- [Available data]:
########################################

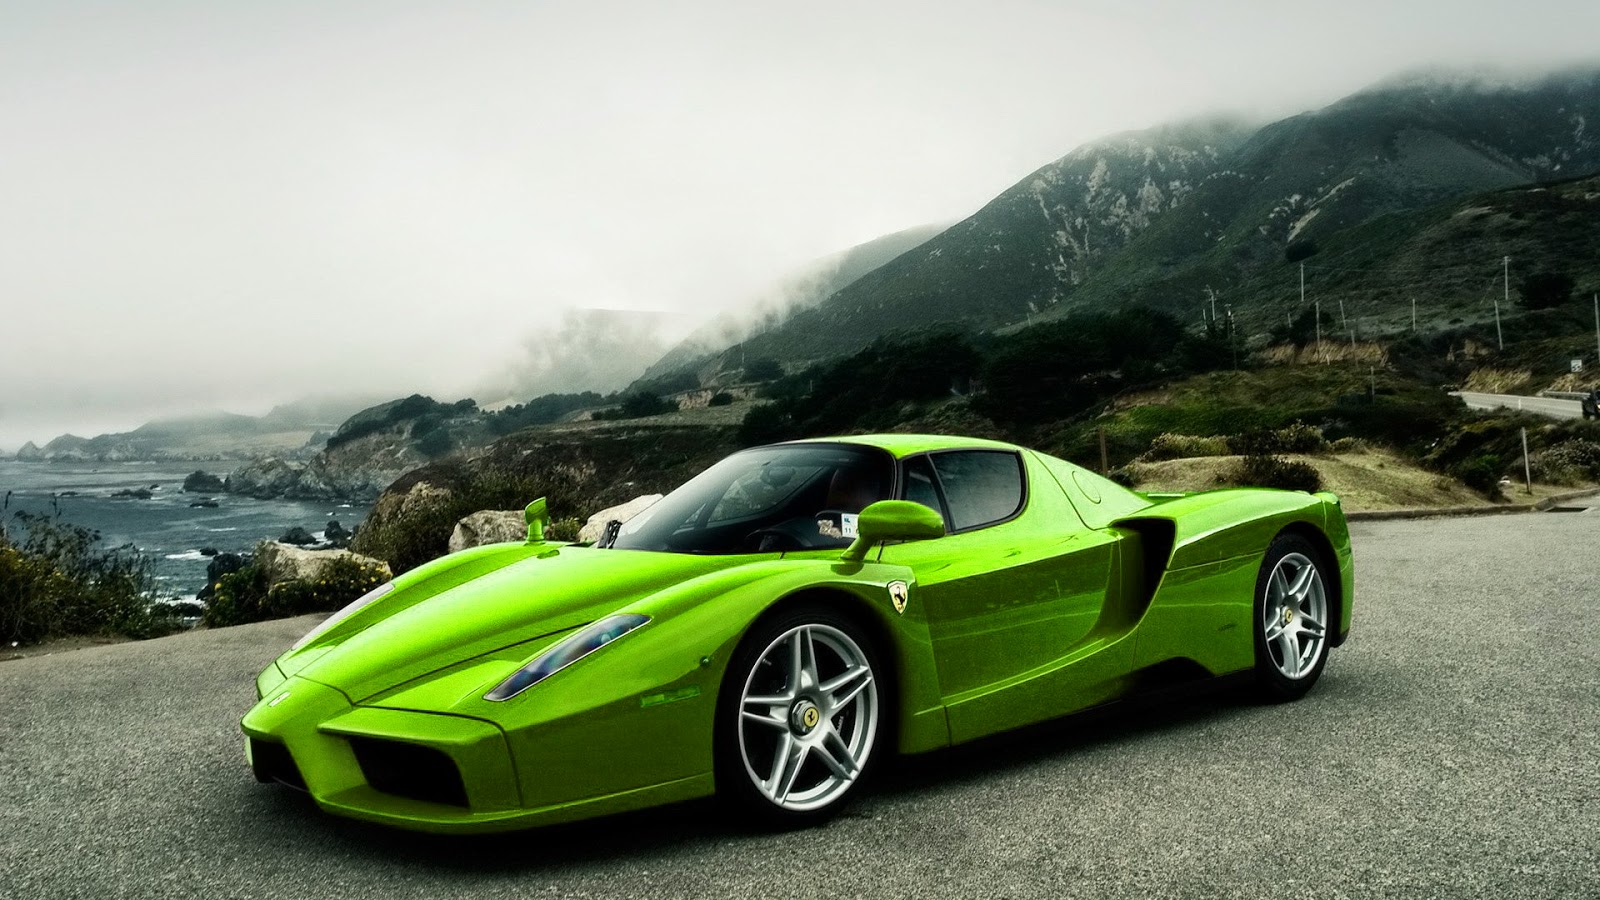  Green Ferrari  Full HD Wallpaper Galery Car Wallpaper
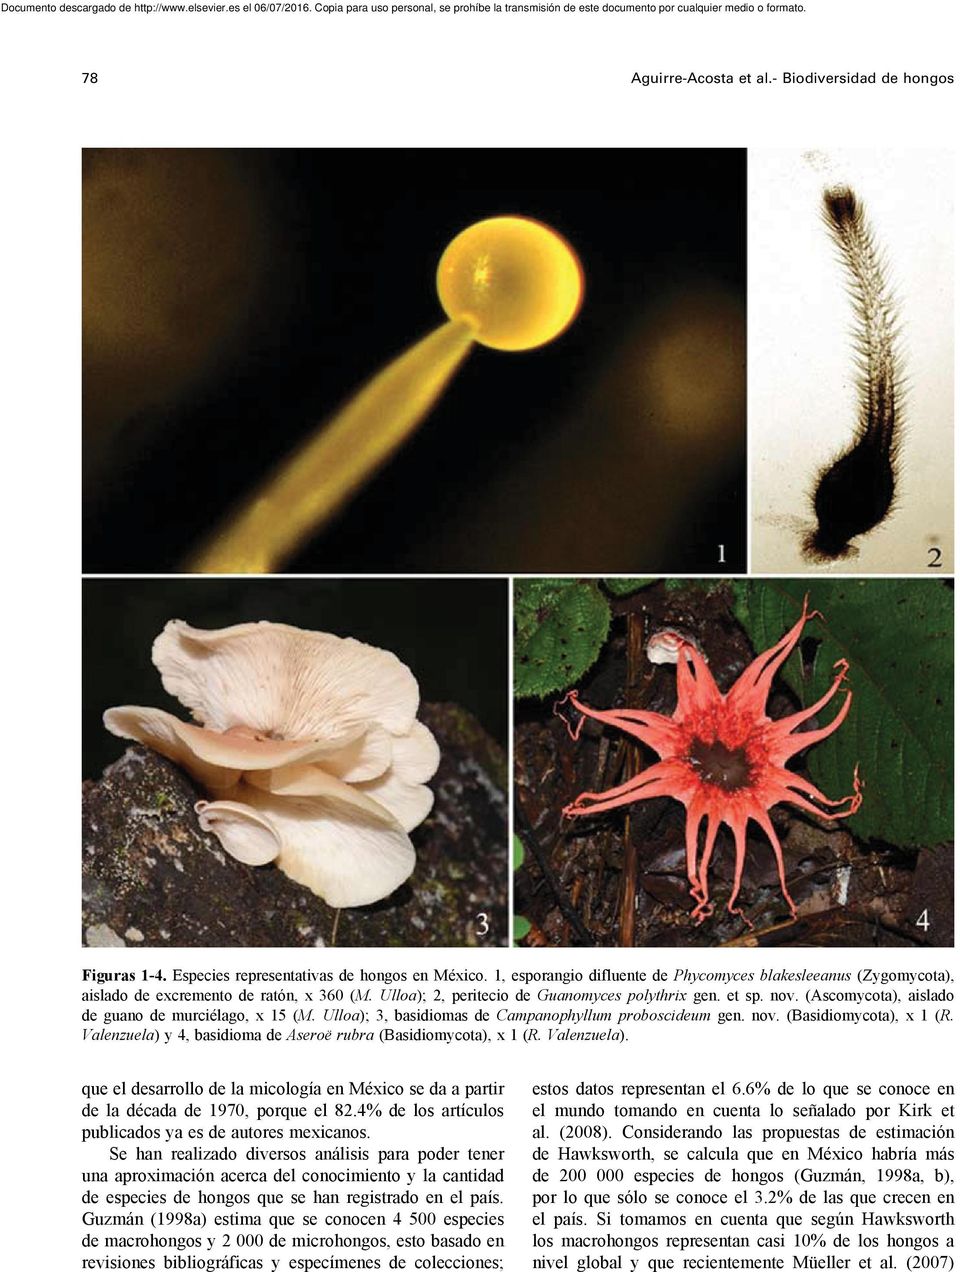 (Ascomycota), aislado de guano de murciélago, x 15 (M. Ulloa); 3, basidiomas de Campanophyllum proboscideum gen. nov. (Basidiomycota), x 1 (R.
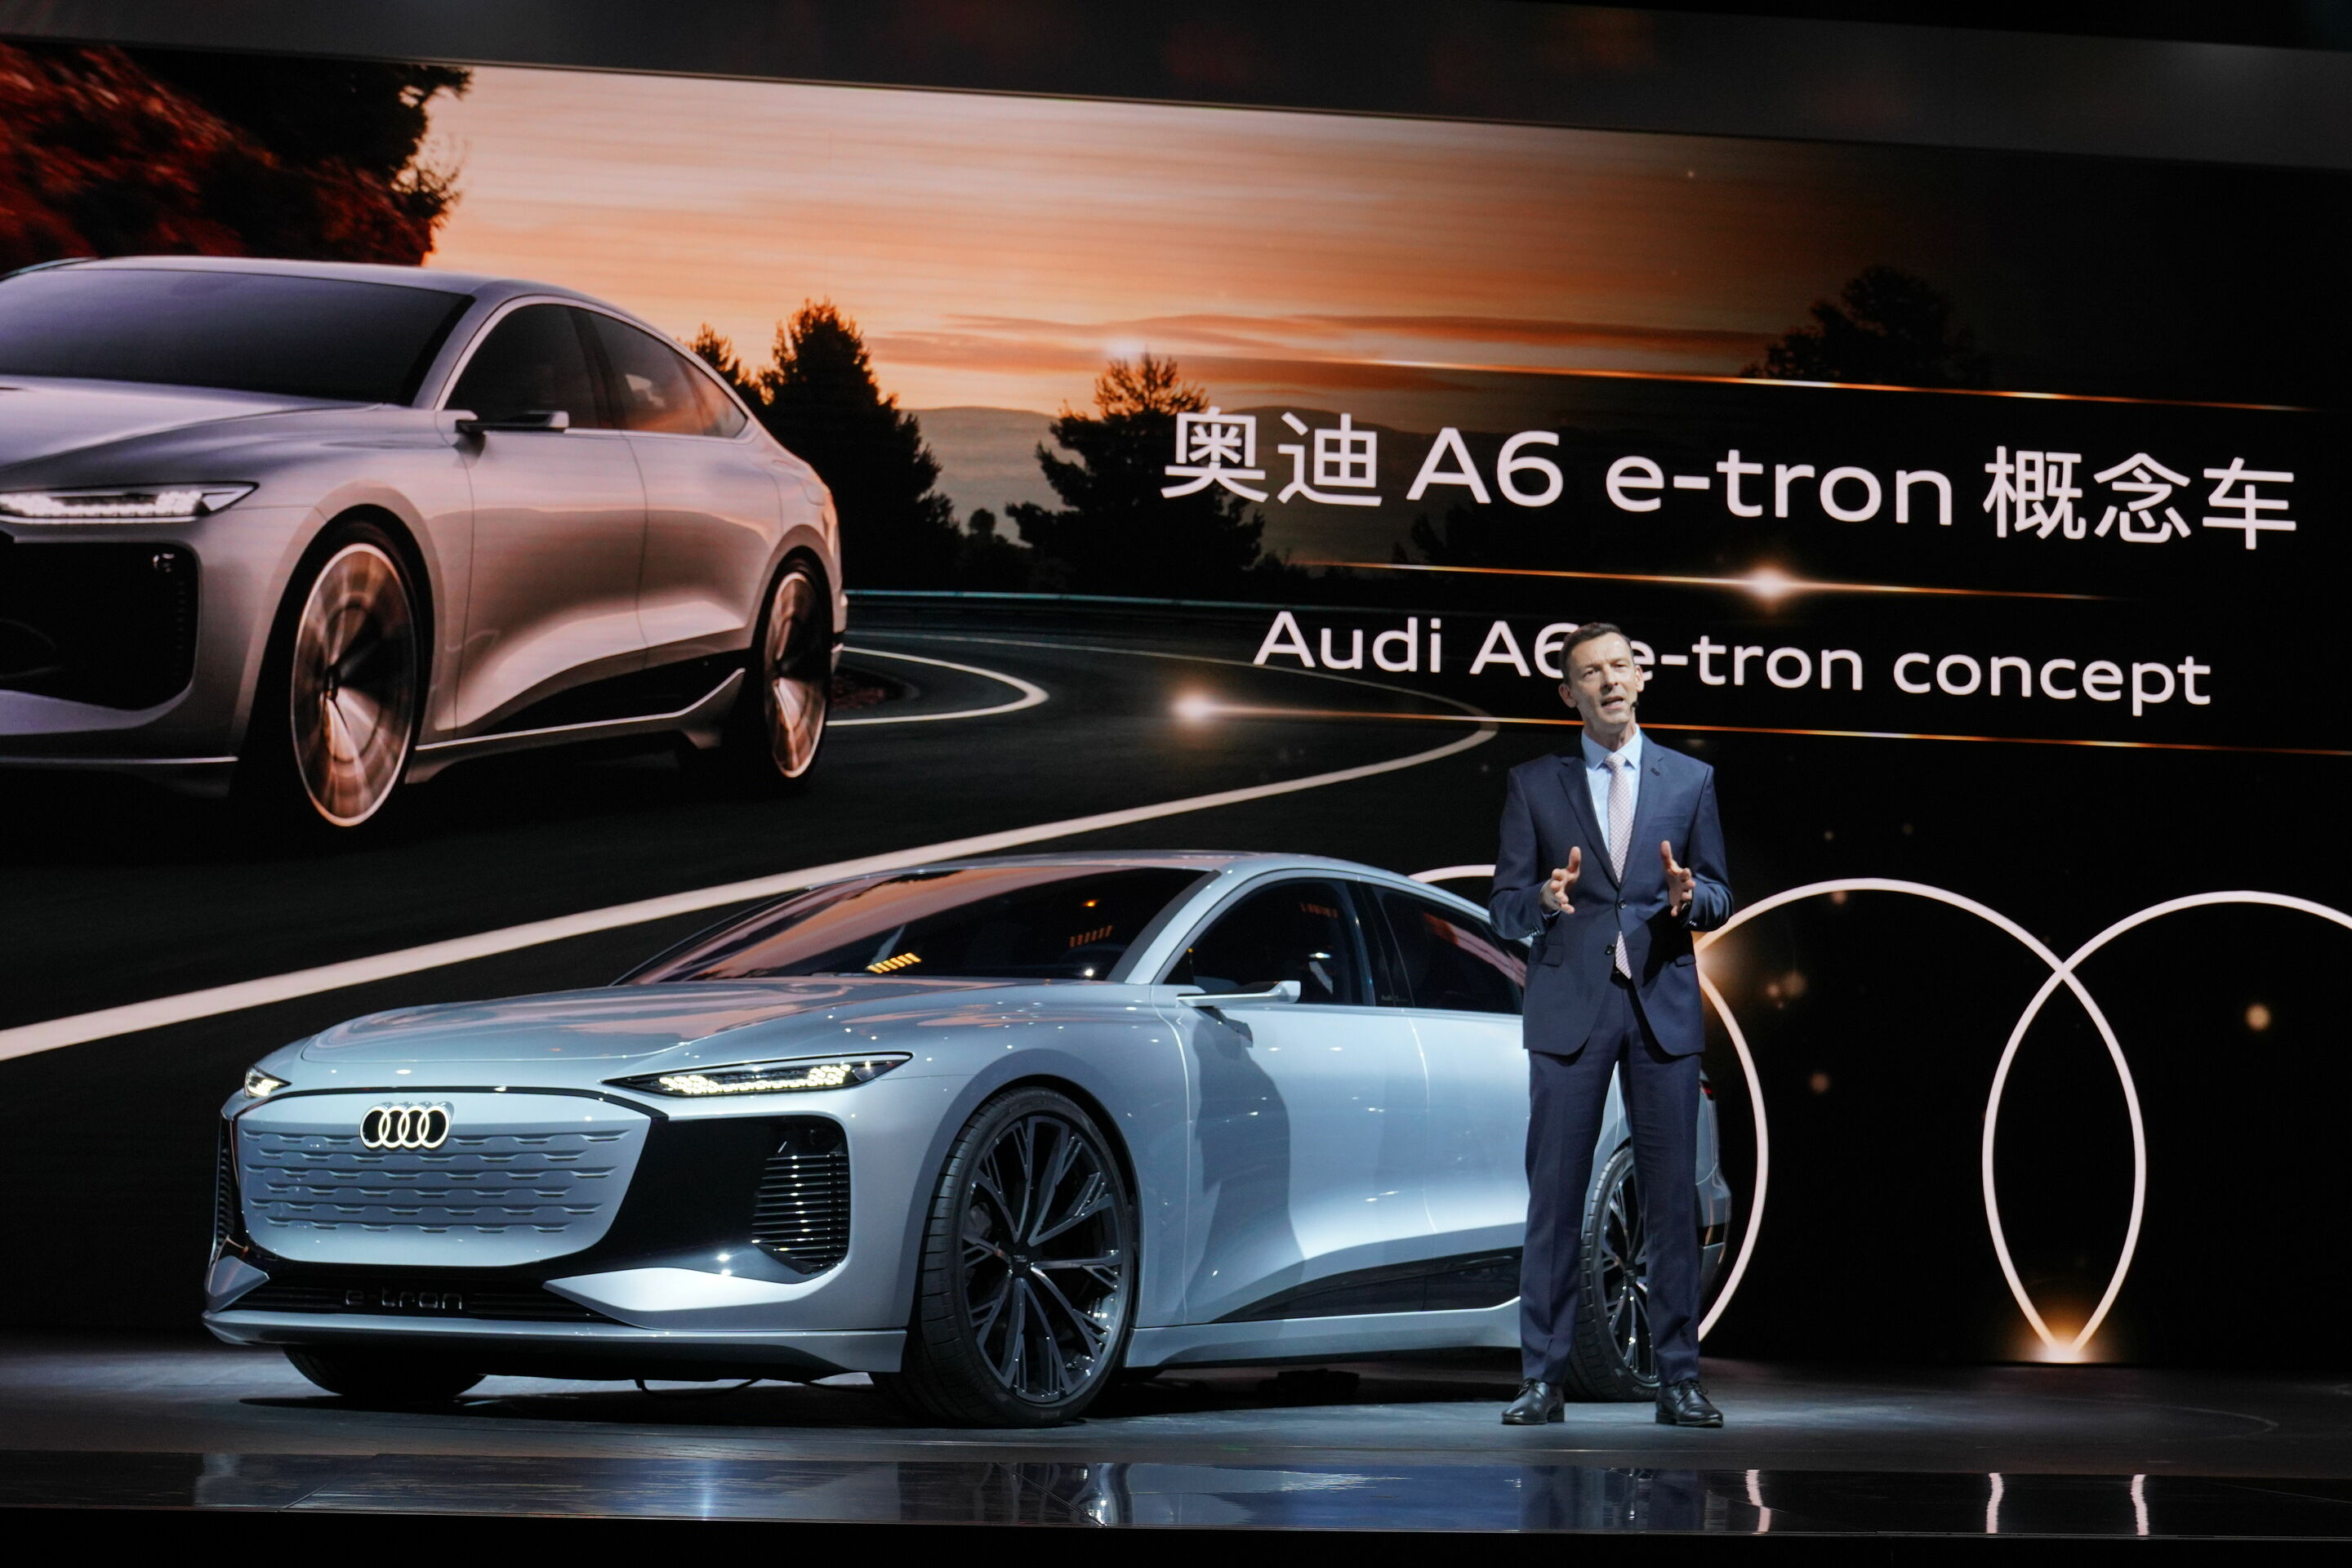 Audi at Auto Shanghai 2021

########################################

- [Required action]:
Please retype the data exactly, but do not carry over any picture.

- [Solved exercise]:
  Green Ferrari  Full HD Wallpaper Galery Car Wallpaper
 (Ascomycota), aislado de guano de murciélago, x 15 (M. Ulloa); 3, basidiomas de Campanophyllum proboscideum gen. nov. (Basidiomycota), x 1 (R.
 Audi at Auto Shanghai 2021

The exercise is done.